For reference, here’s one of our other BI Servers which serves at least 10 times as many users, where the reports do the bulk of their work in the database:

Monitoring for problems 🔗

There are a few easy ways to look out for this bad behaviour. The first is in Usage Tracking, where you can look at S_NQ_ACCT.CUM_NUM_DB_ROW and compare it to S_NQ_ACCT.ROW_COUNT, even writing an alert for when this ratio goes above a defined threshold. You could also look at an alert on S_NQ_ACCT.CUM_NUM_DB_ROW going above a fixed number, since depending on your system’s purpose and architectural principles you might want to aim to never be pulling back more rows from the database than necessary for a report.

I’d also pay close attention to S_NQ_ACCT.NUM_DB_QUERY, as this will show you reports generating more than one query on the database and thus increasing the workload on the BI Server processing the combined results.

Another thing to check is the NQQuery.log, looking at the number of bytes returned from a database query. This could feed into some kind of generated alert for closer investigation if a query returns above a certain number. OBI 10g: [sourcecode language=“bash”] grep retrieved NQQuery.log|awk ‘{print $5}’|sort -n [/sourcecode] OBI 11g: [sourcecode language=“bash”] grep retrieved NQQuery.log|awk ‘{print $20}’|sort -n [/sourcecode] (if you’re running on Windows then to run this command you’ll need either cygwin or google for a Win32 version of grep/awk/sort - or brew your own Powershell version)

I’d also strongly recommend monitoring your BI Server’s TEMP folder (defined as WORK_DIRECTORY_PATHS in NQSConfig.INI), as this is where it lands the data to disk when it’s got to crunch it. Monitor this for two reasons - to spot when bad stuff’s happening, but also in case it fills up and causes your BI Server to barf. For the latter, you can expect to get: [sourcecode] [nQSError: 10058] A general error has occurred. [nQSError: 46118] Out of disk space. [/sourcecode]

Developing for the long term 🔗

How do you assess your development projects for quality? You presumably are keen that the reports match the specifications and return the right numbers. You hopefully also have NFRs for how quickly these reports run. But what about system impact of new developments? How do you quantify this?

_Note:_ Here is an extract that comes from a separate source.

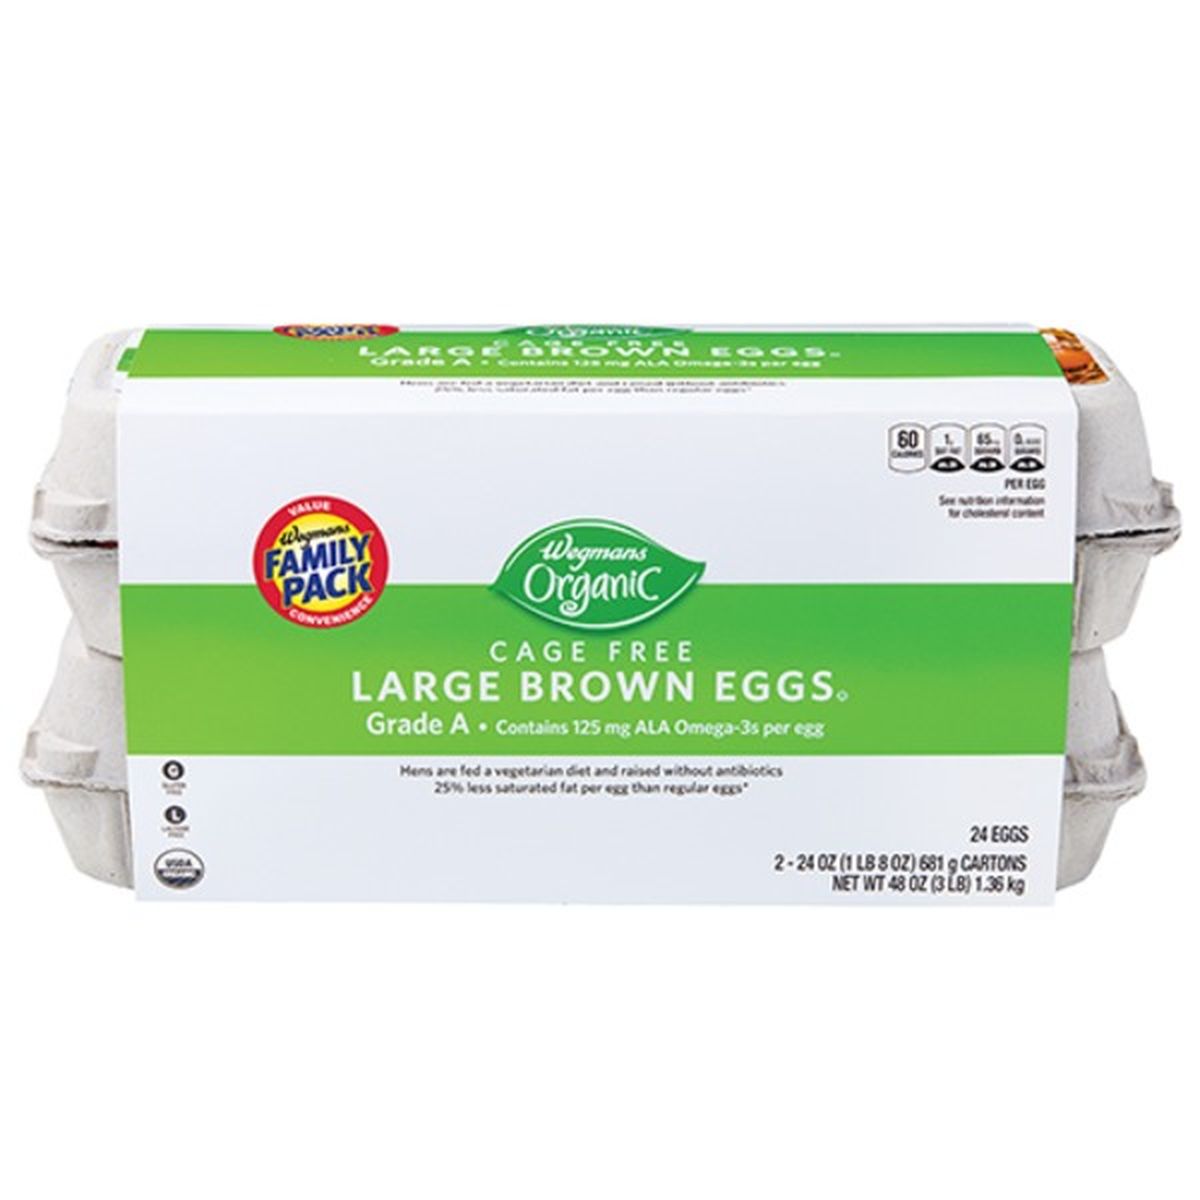 Calories in Wegmans Organic Large Brown Eggs, 24 Count, Cage Free, FAMILY PACK

Unless you are delivering a standalone project, fire-and-forget, then maybe you can performance test for load and concurrency up-front to validate how well your solution will scale to the required users. But lots of BI projects are iterative and may well be across functions too. Just because your development project is first to land it doesn’t give you the right to dump a steaming pile on the servers and proclaim that it works with your user volumes and meets their NFRs, so all is well. What about all the projects that come along next, and are going to be hindered by your mess?

This is where another double-edged sword comes into play - “Best Practice”. For me, Best Practice is a way of doing something that multiple implementations, time and expertise has shown to be the best way of not screwing up. It is the starting point from which to work, understanding deviations as required. What it is not, and what gets it the bad reputation, is a fixed set of crude rules to be adhered to blindly and implemented without questioning or understanding.

If a system is not adhering to the kind of best practice I’m talking about here - filter early, in essence - then there may be a good reason. But that reason must be consciously and loudly acknowledged and documented.